Thank you for stopping by!
KB
*Pasty- Chunks of beef, potato and onion and a light seasoning of salt and pepper, wrapped in pastry glazed with milk or egg. Originated in Cornwall, England.
Welcome to the first blog of The Bartlett Pair! We are a GF home bakery (for now) creating delish sweet & savory treats. Well, sweet &/or savory...well actually sometimes it is both.
Anyway- here is the story of how we got here...
My sister Amy & I grew up knowing that G'pa Bartlett "could not eat wheat". As youngsters (Amy is 2 1/2 years older), we had no idea what that meant. We just witnessed him eating raw onions, ground sirloin (with onions), baked potatoes, bananas and pasties* without the crust. And let me tell you, not being able to eat my g'mas pasty* crust would truly feel like a form of punishment. I really didn't care why he didn't, or couldn't, eat the crust, I was just excited because I sat to his left and benefitted from his scraps! I doubt he ate much more than what I listed since he was of English descent and meat, potatoes and onions monopolize 98% of the food pyramid, give or take a percentage or two.
Fast forward to the late 1980s. Amy started mentioning that her stomach hurt and would have terrible stomach pains throughout most every day. (sidenote)- I don't think I mentioned that we grew up in Butte, Montana where underaged drinking could have been a career.
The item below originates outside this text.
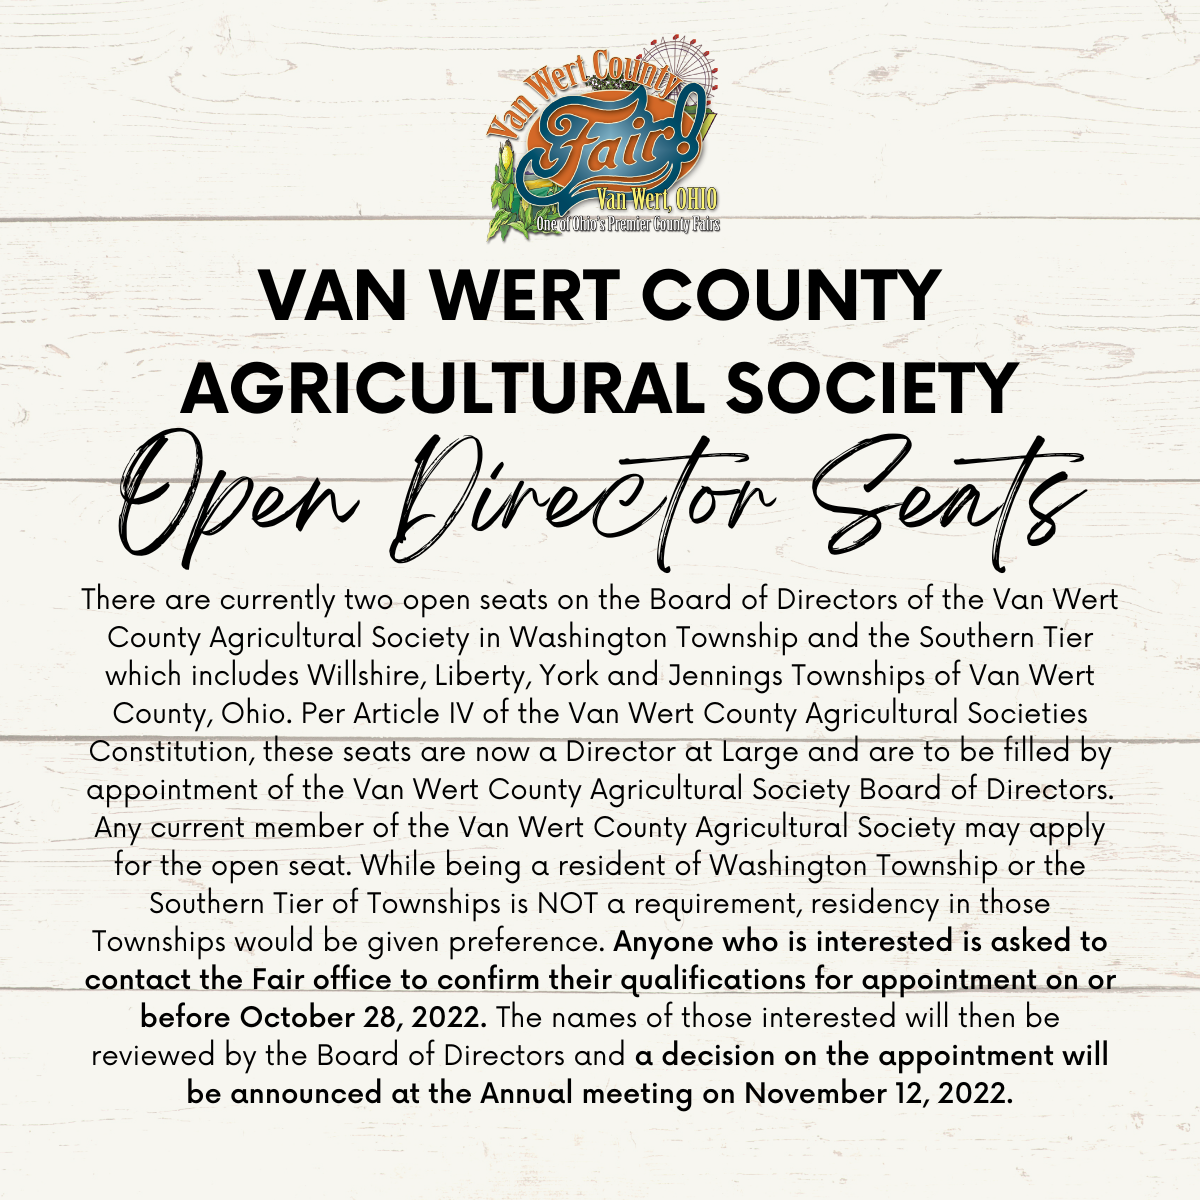 THE VAN WERT COUNTY AGRICULTURAL SOCIETY ANNOUNCES OPEN SEATS ON THE

So having stomach pain was usually the result of the kegger from the night before (end).
In 1990, she left for college and the pain went with her. Every time she came home, she was thinner and thinner. Her hair started breaking off, her coloring was off and she just looked ill. She would tell her doctor and nothing ever really came of it. Finally, the pain was so overwhelming that she went to the campus infirmary in the middle of the night. Again, no idea what was wrong. She was malnutritioned and weak so they kept her overnight. Then G'pa Bartlett asked mom if they have tested her for sprue? SPRUE?? What the heck is sprue? Or as it is now called...Celiac. The doctor ran the tests and sure enough! She has Celiac Disease...there is no cure...she will have it forever and G'pa had it too. The reason for the crustless pasty* all made sense now.
I will never forget how helpless I felt. I did not know what it was, what she was supposed to do or eat, if she would be alright?? Why didn't I have it? G'pa had been living with Celiac for years so he and my G'ma became our educators. (The Internet wasn't available until 1992, ya know.)
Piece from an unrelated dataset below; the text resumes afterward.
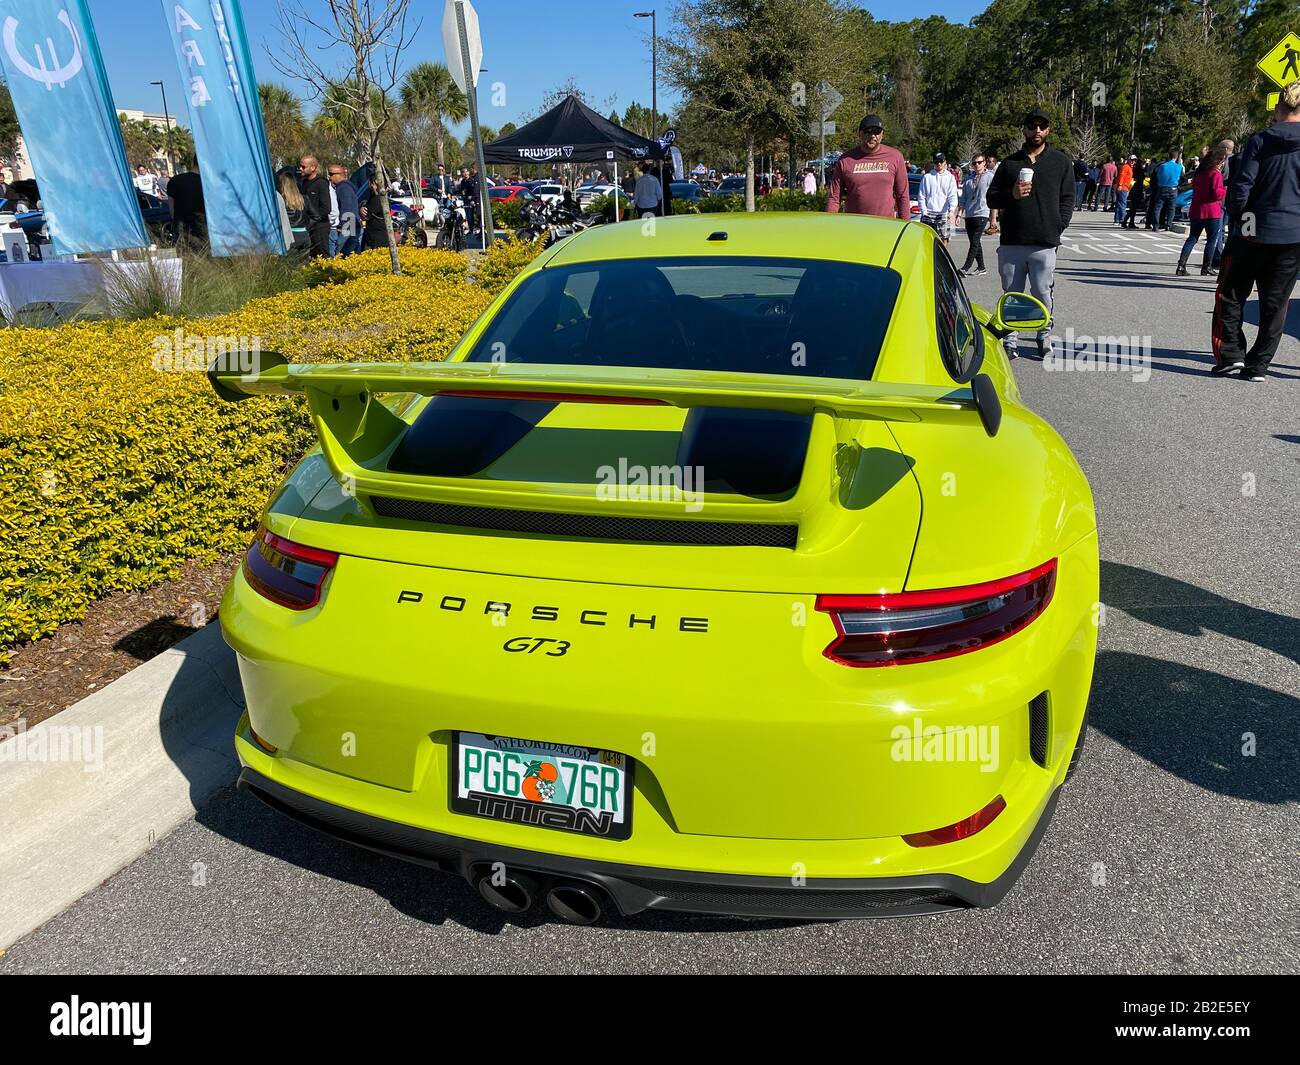 Orlando, FL/USA-3/1/20: The rearend of a bright green Porsche GT3 at a free car show in a retail store parking lot. Stock Photo

So that was just that. Amy began living life as a gluten free gal.
Amy now has three remarkable kiddos, two of which are Celiac as well. Amy always makes sure that the girls never feel as though they are missing out on anything. They tote their GF pizza to a pizza party and bring their own special GF cupcake to a birthday party. She buys all the GF products and cooks and bakes as often as she can.
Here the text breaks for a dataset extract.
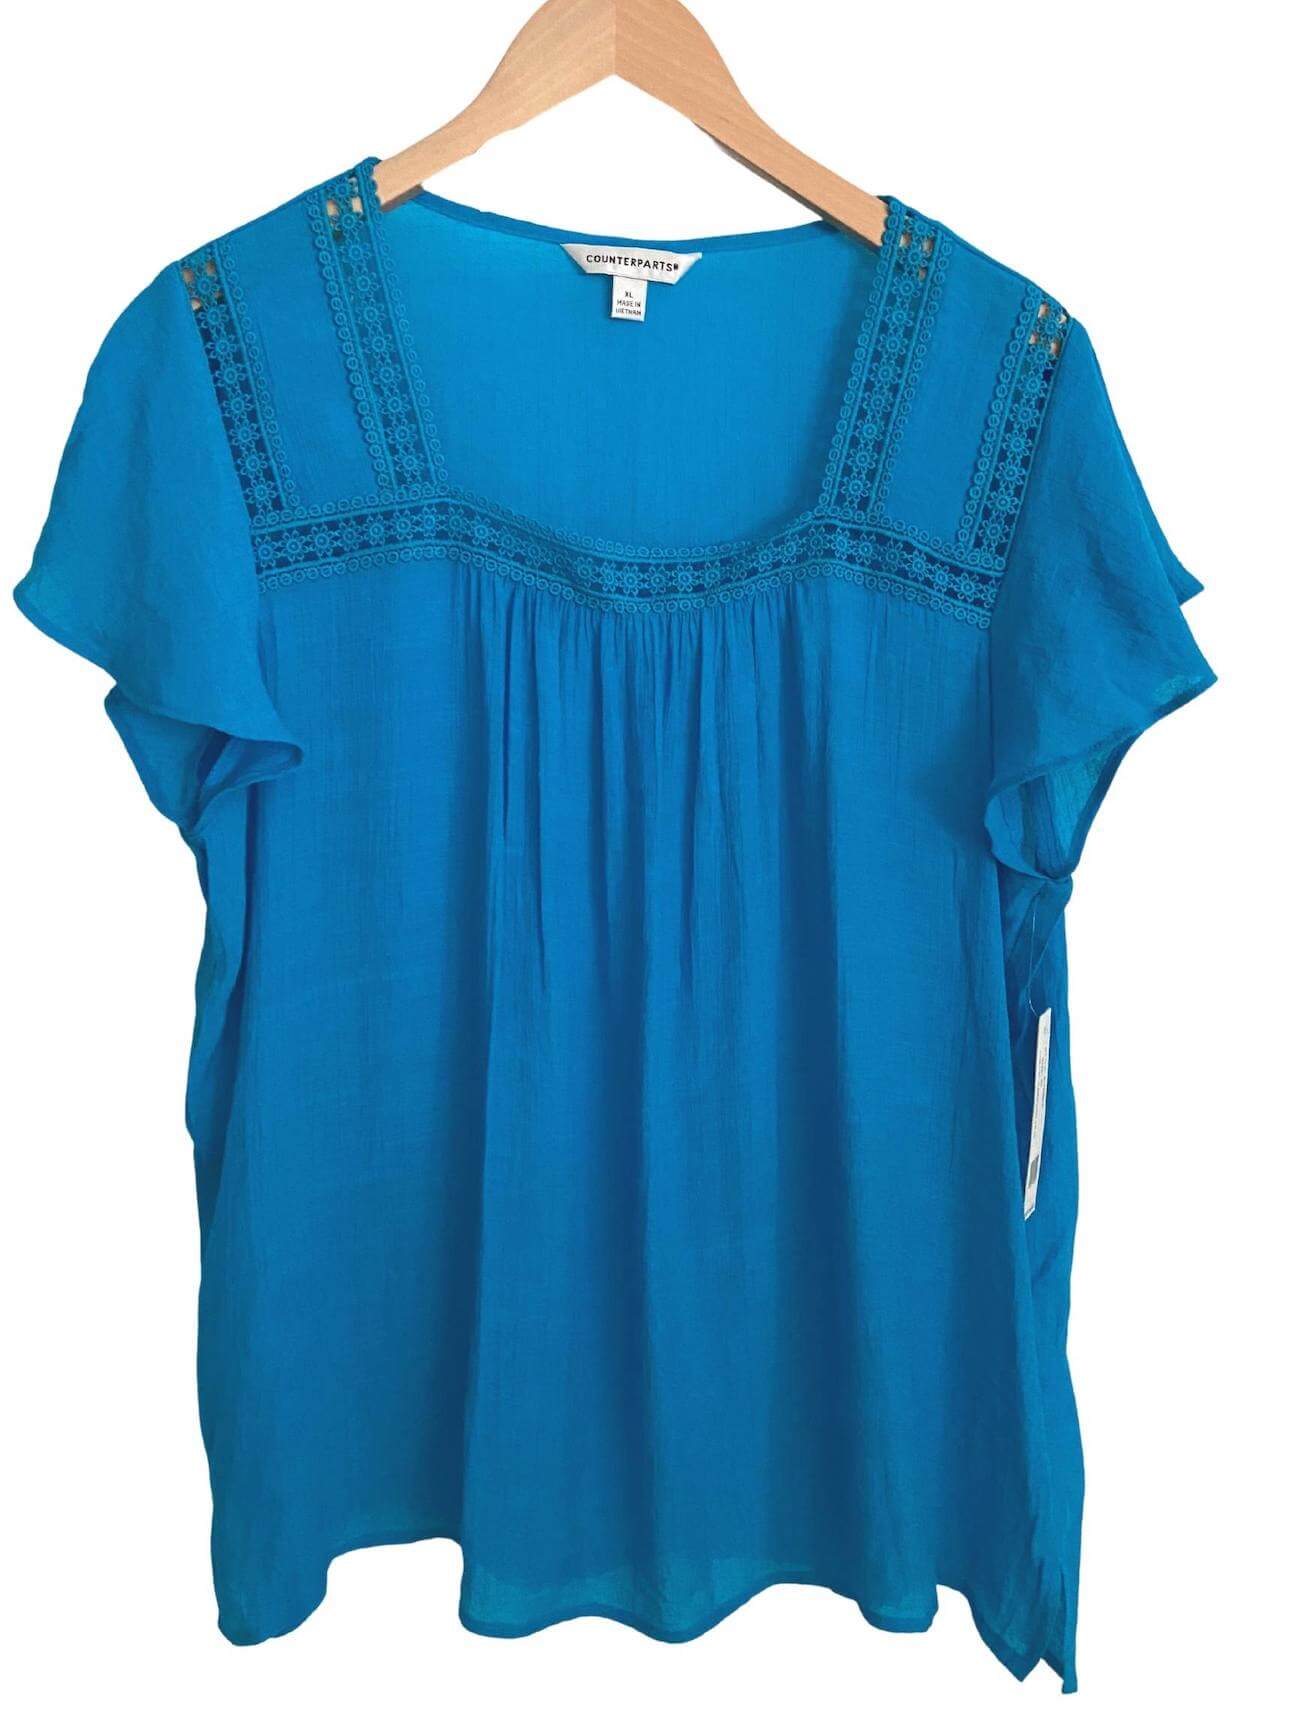 Bright Winter COUNTERPARTS teal crochet lace trim blouse

Amy & the girls love the classics- chocolate chip cookies, cakes, banana bread, etc. I, however, am looking at the food and saying, "what else can we do to that?" or "I think that muffin is ready for a makeover." We are thankful for all the products on the market to help GF living be possible and tasty! But it can be even better- and that is why The Bartlett Pair- Gluten Free Edibles was born.
We will be at the Sunday Market at the Carousel each week from 11-3. Last Sunday was so much fun and people really enjoyed the products. We will change out a few items each week to get an idea for what the people want!!
Here is what we offered last week:
Pear and Cardamom Muffins
Chocolate & Caramel brownies
Monster Cookies
Parmesan and Herb Flatbread
Maple Glazed Chex & Pretzel mix with Bacon
Feel free to leave comments and/or suggestions!
Thank you for stopping by!
KB
*Pasty- Chunks of beef, potato and onion and a light seasoning of salt and pepper, wrapped in pastry glazed with milk or egg. Originated in Cornwall, England.